TASK :: Start at the first line below and write out everything verbatim except the pictures.

INFORMATION SUPPLIED ::
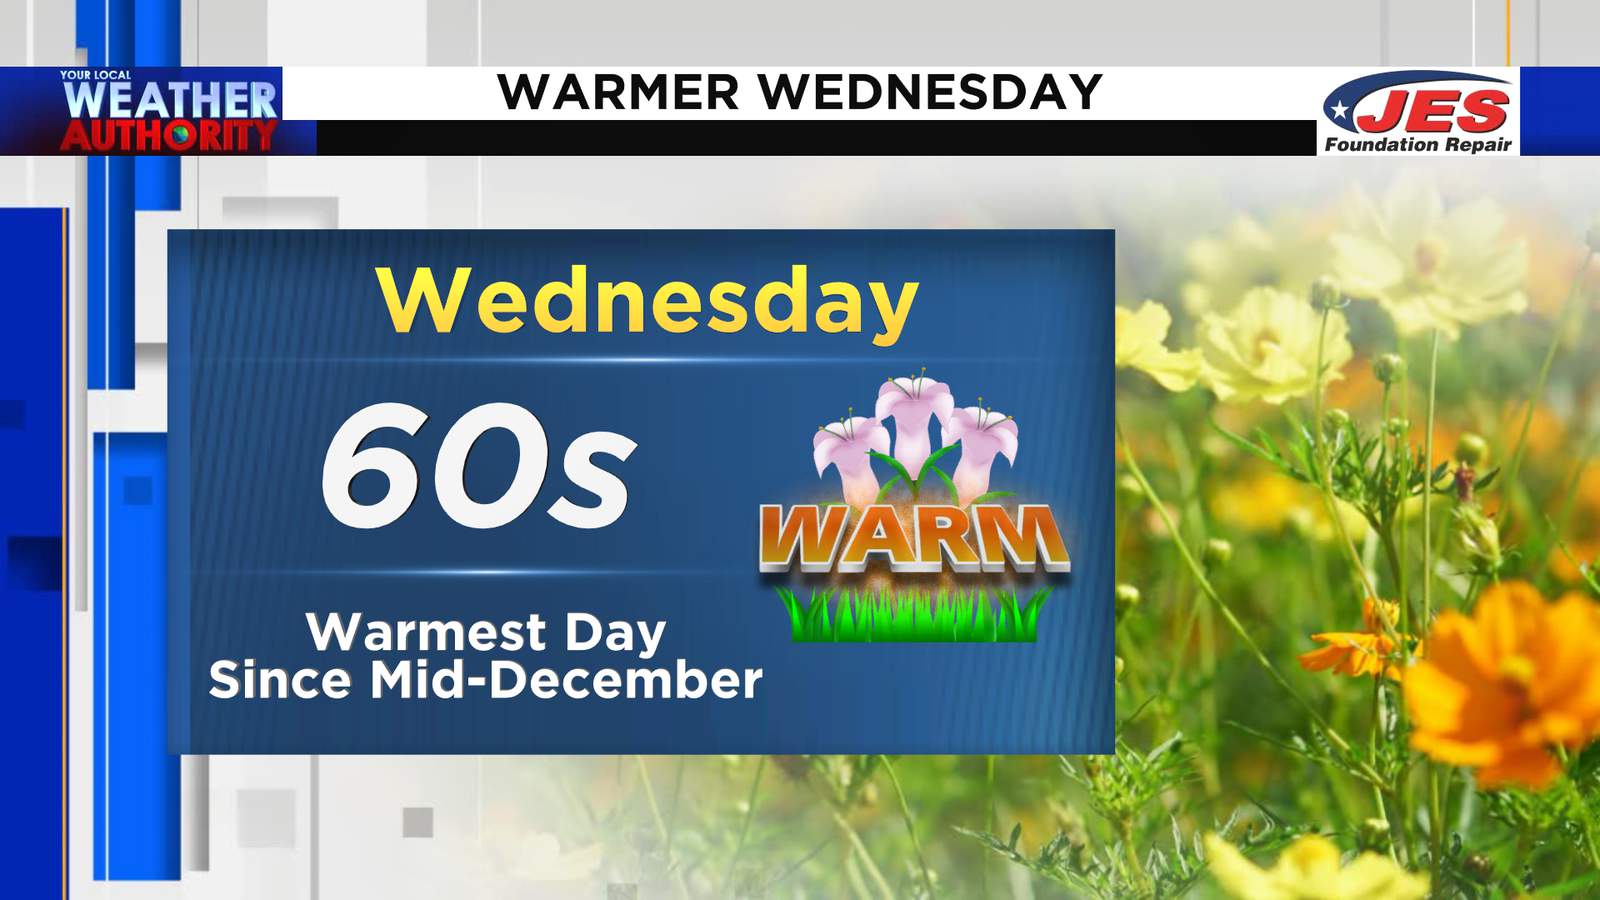 Wednesday likely to be our warmest day since before Christmas
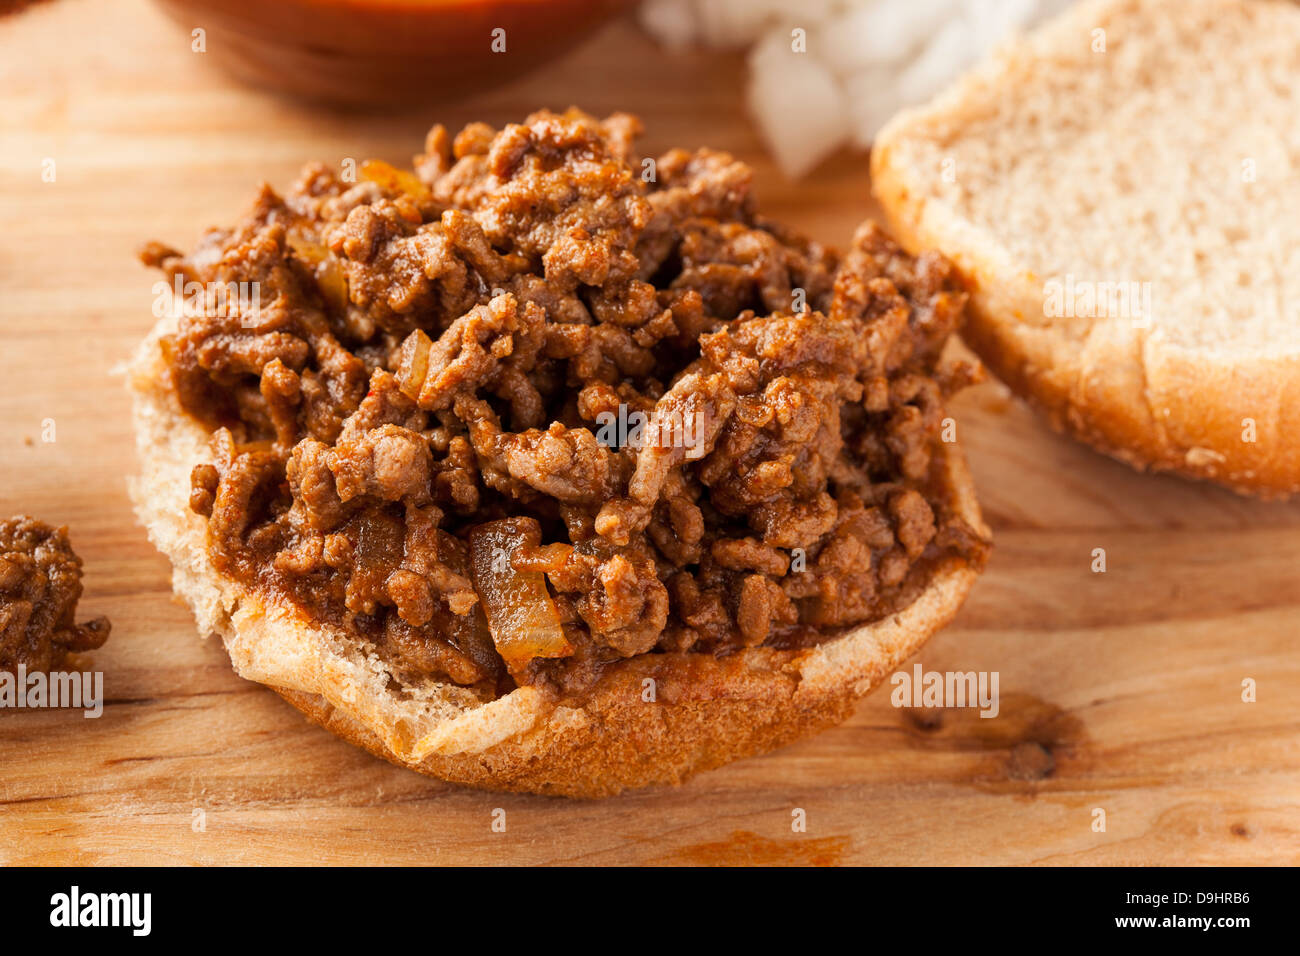 Sloppy Barbecue Beef Sandwich on a whole wheat bun Stock Photo
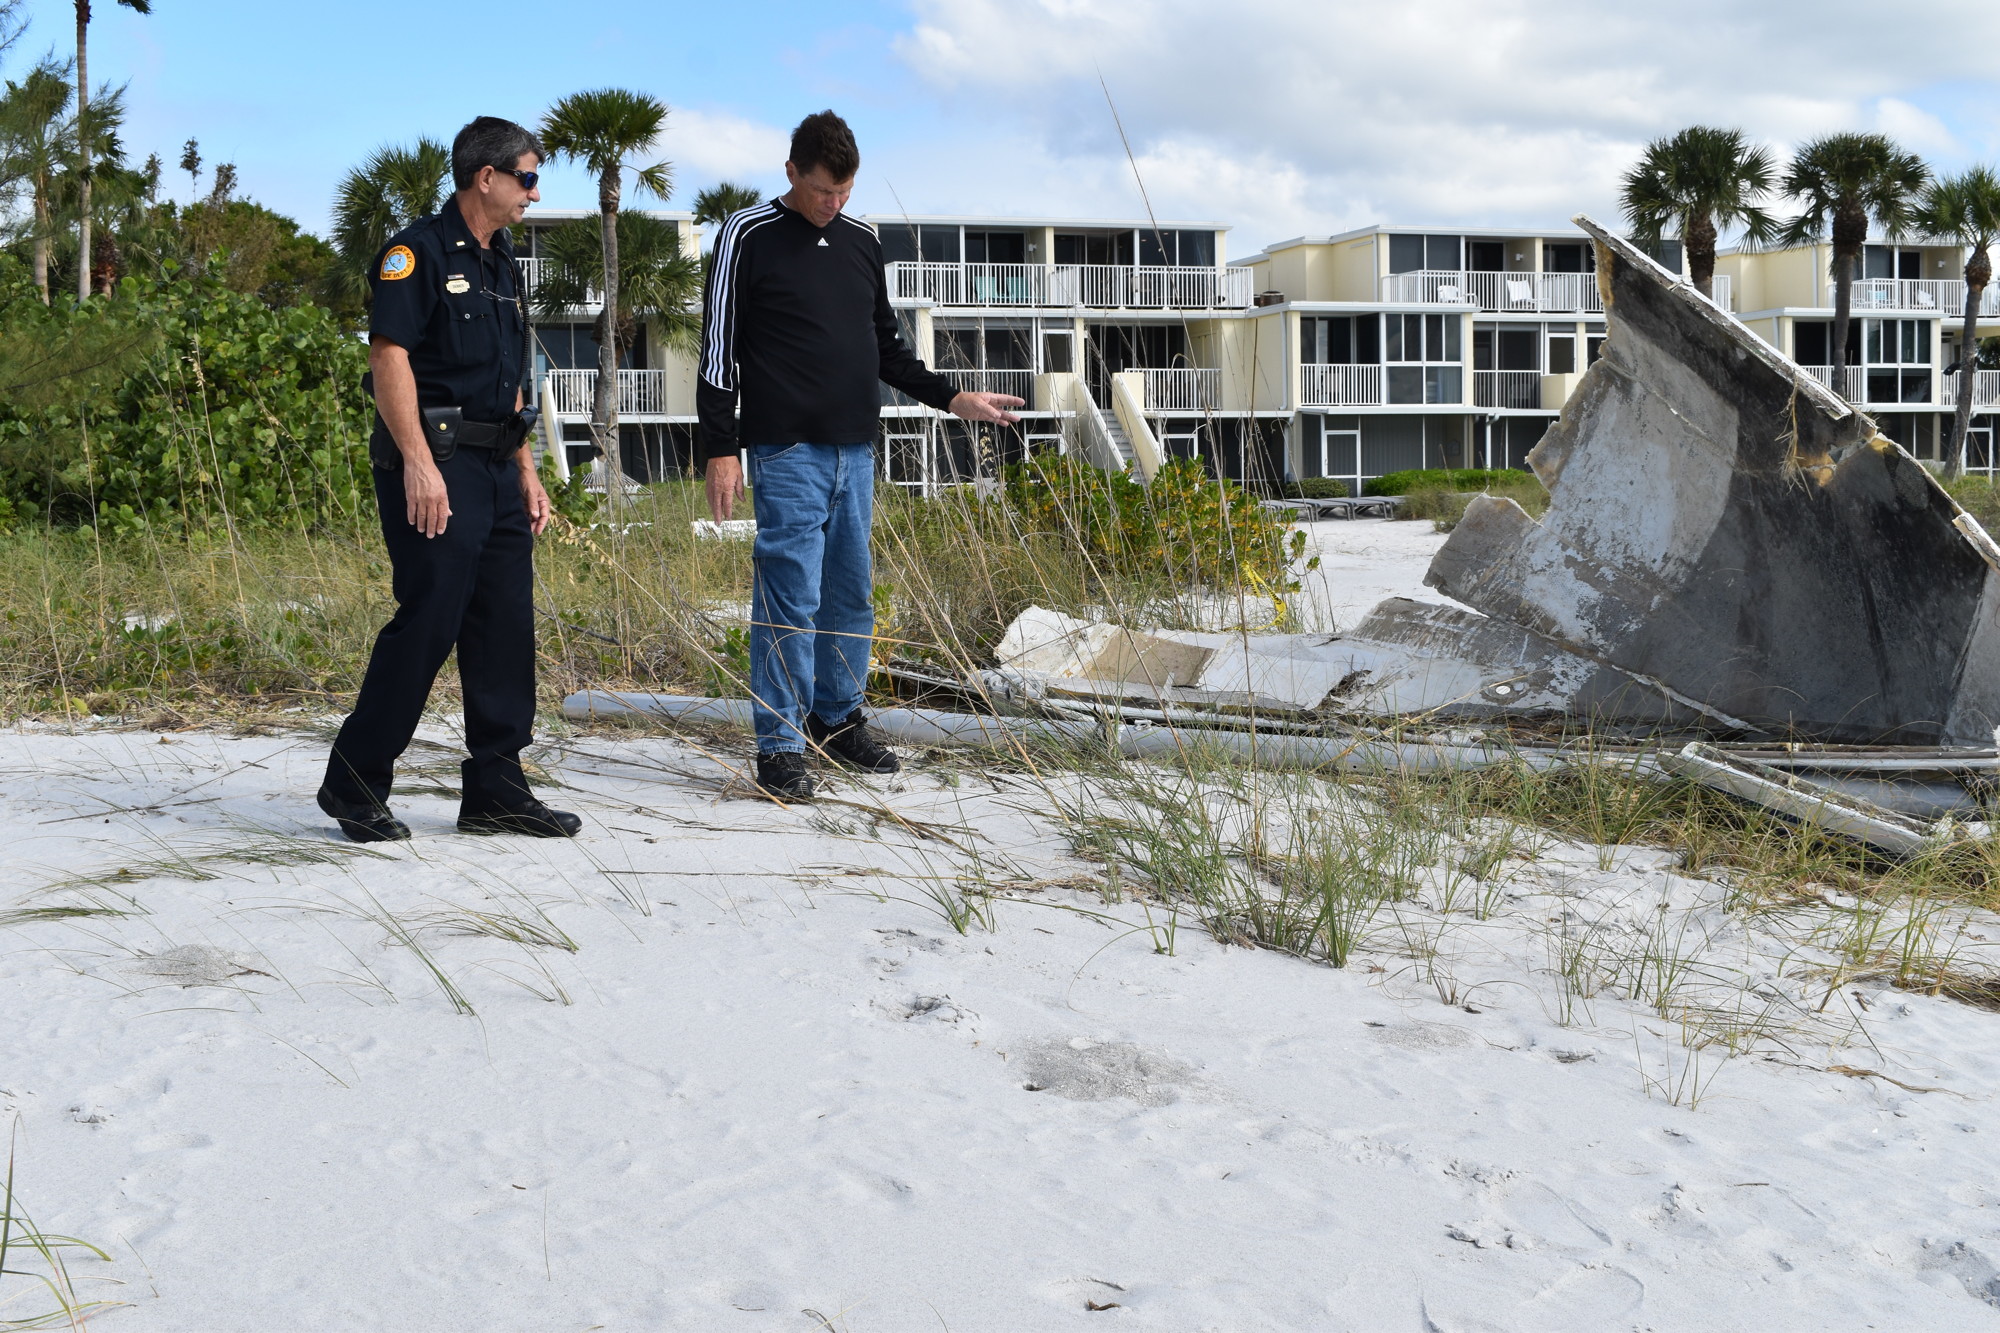 Longboat Key police officer Chris Skinner and Sea Tow owner Duke Overstreet examine the sailboat debris on Thursday afternoon in front of La Playa Rental Condominiums at 4425 Gulf of Mexico Drive.
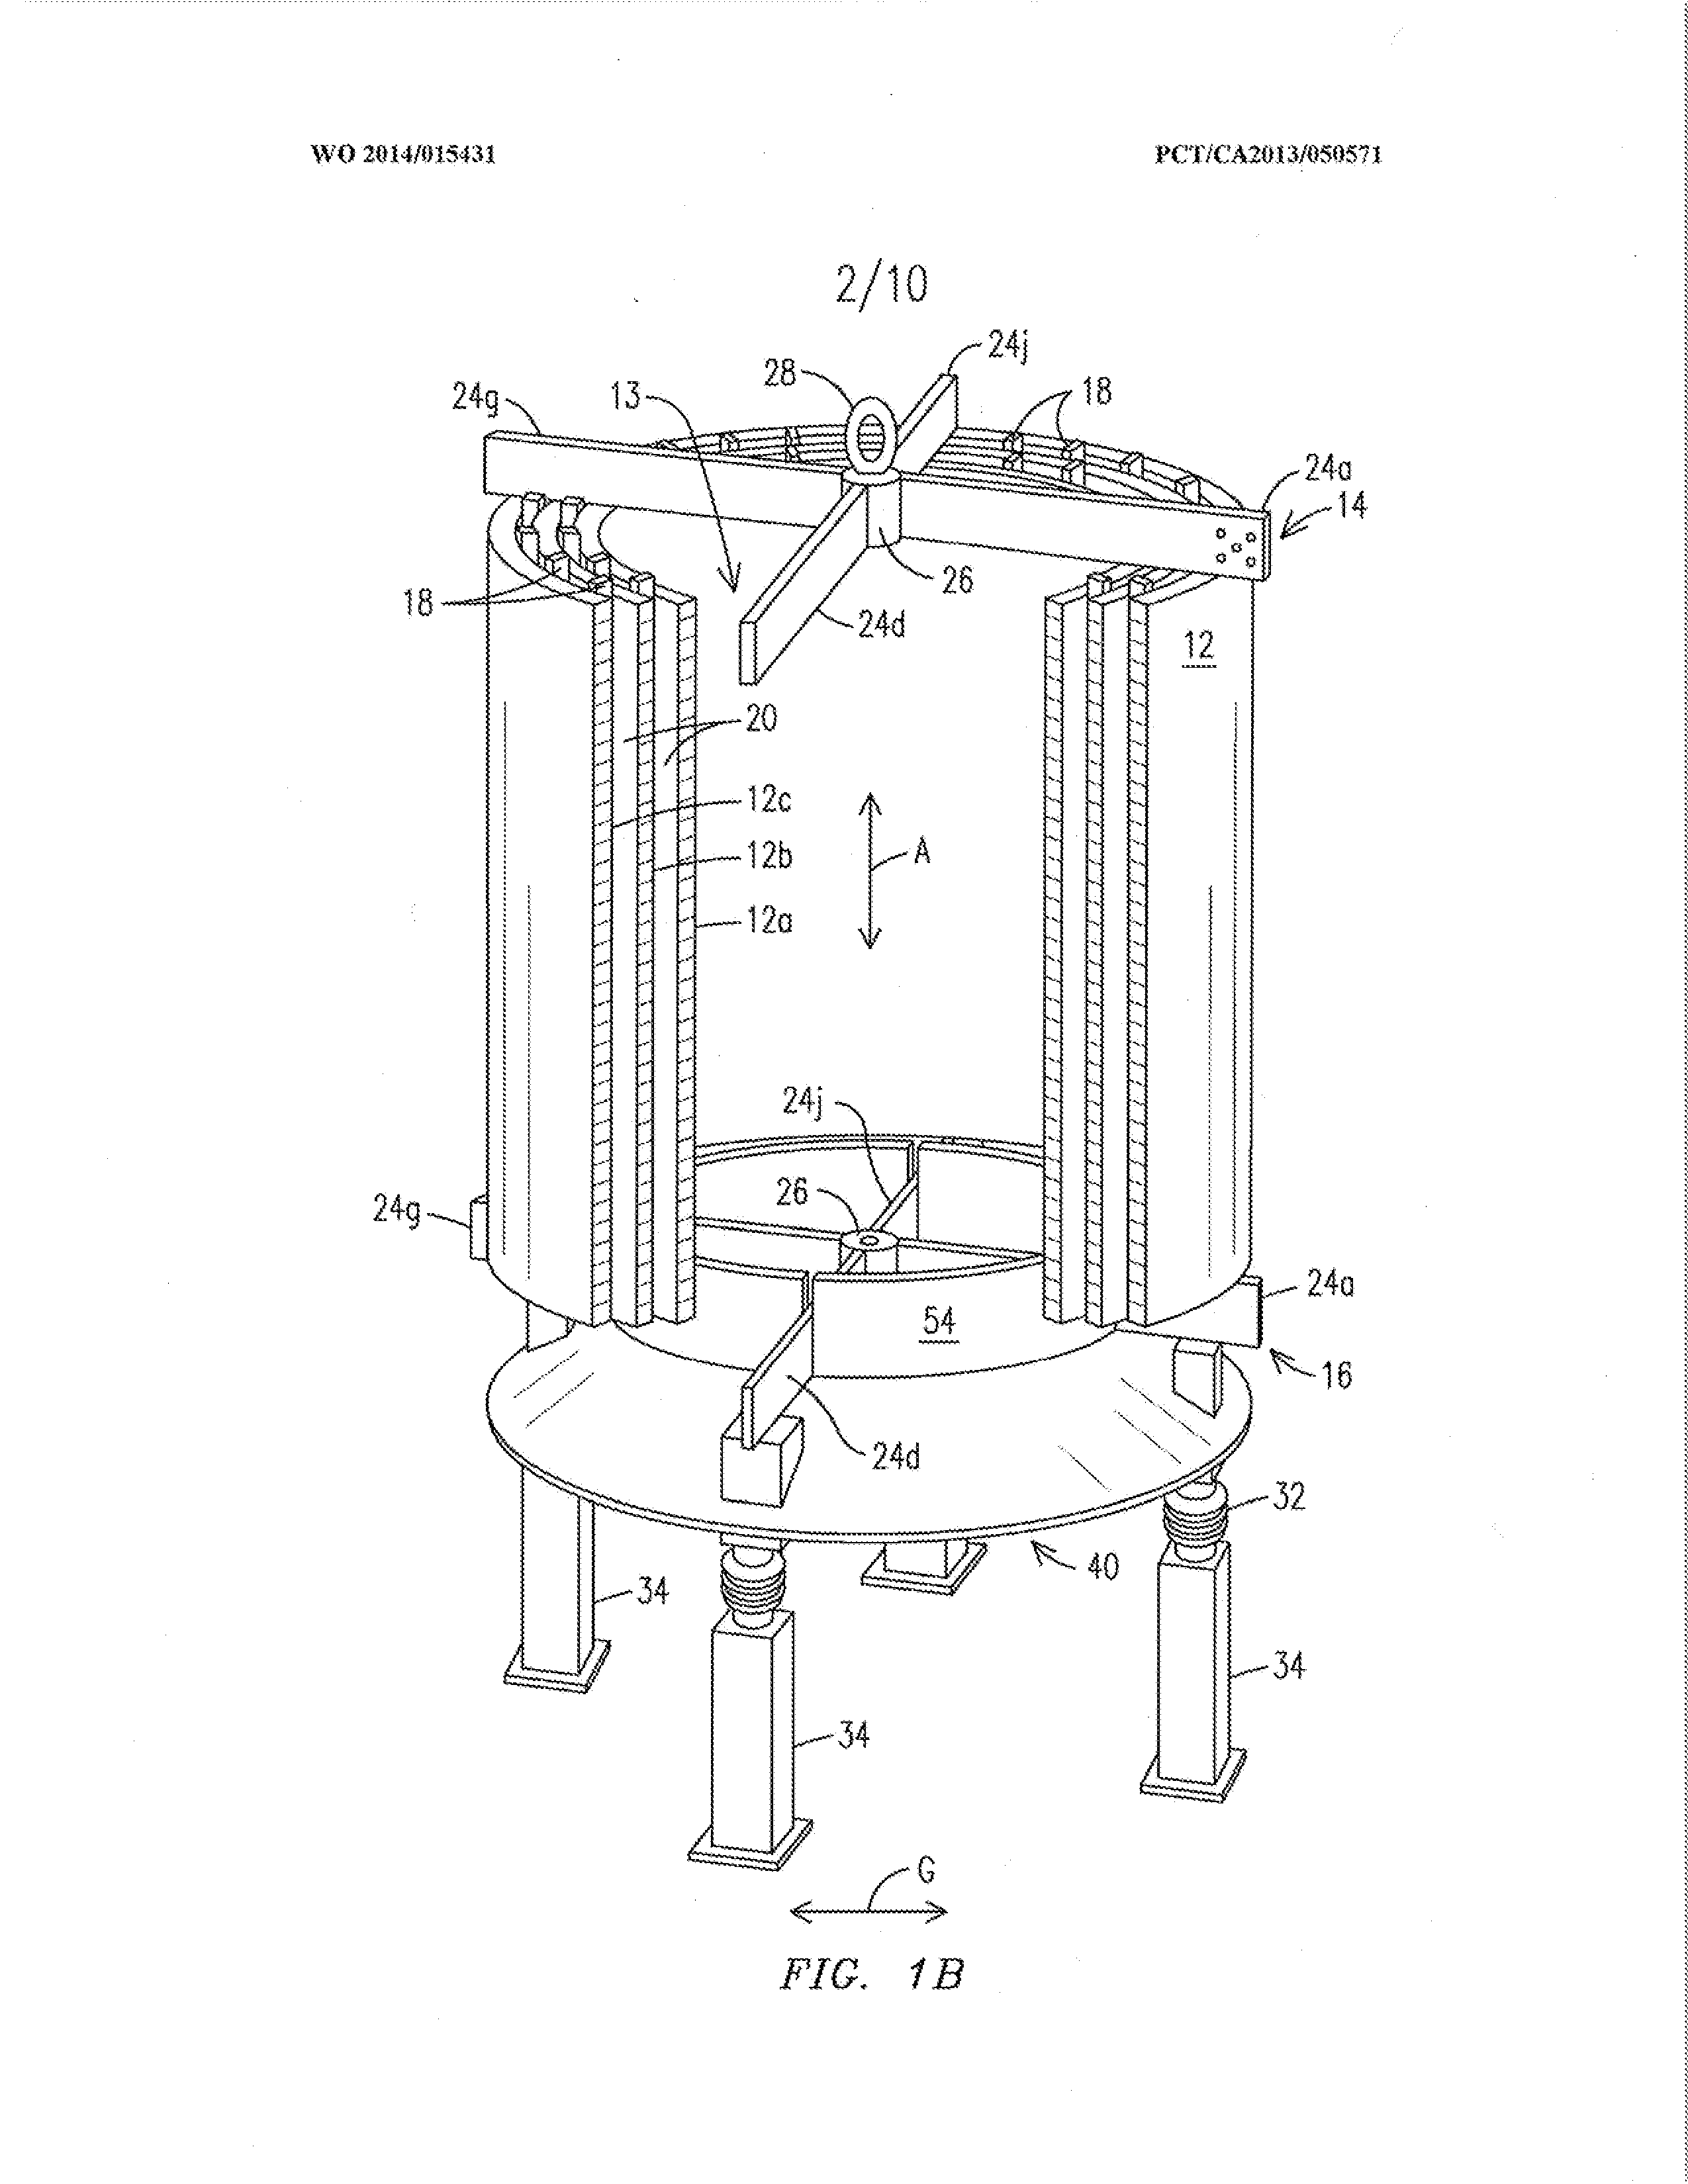 Apparatus and method for mitigating thermal excursions in air core reactors due to wind effects

EXPECTED ANSWER ::
 Wednesday likely to be our warmest day since before Christmas
 Sloppy Barbecue Beef Sandwich on a whole wheat bun Stock Photo
 Longboat Key police officer Chris Skinner and Sea Tow owner Duke Overstreet examine the sailboat debris on Thursday afternoon in front of La Playa Rental Condominiums at 4425 Gulf of Mexico Drive.
 Apparatus and method for mitigating thermal excursions in air core reactors due to wind effects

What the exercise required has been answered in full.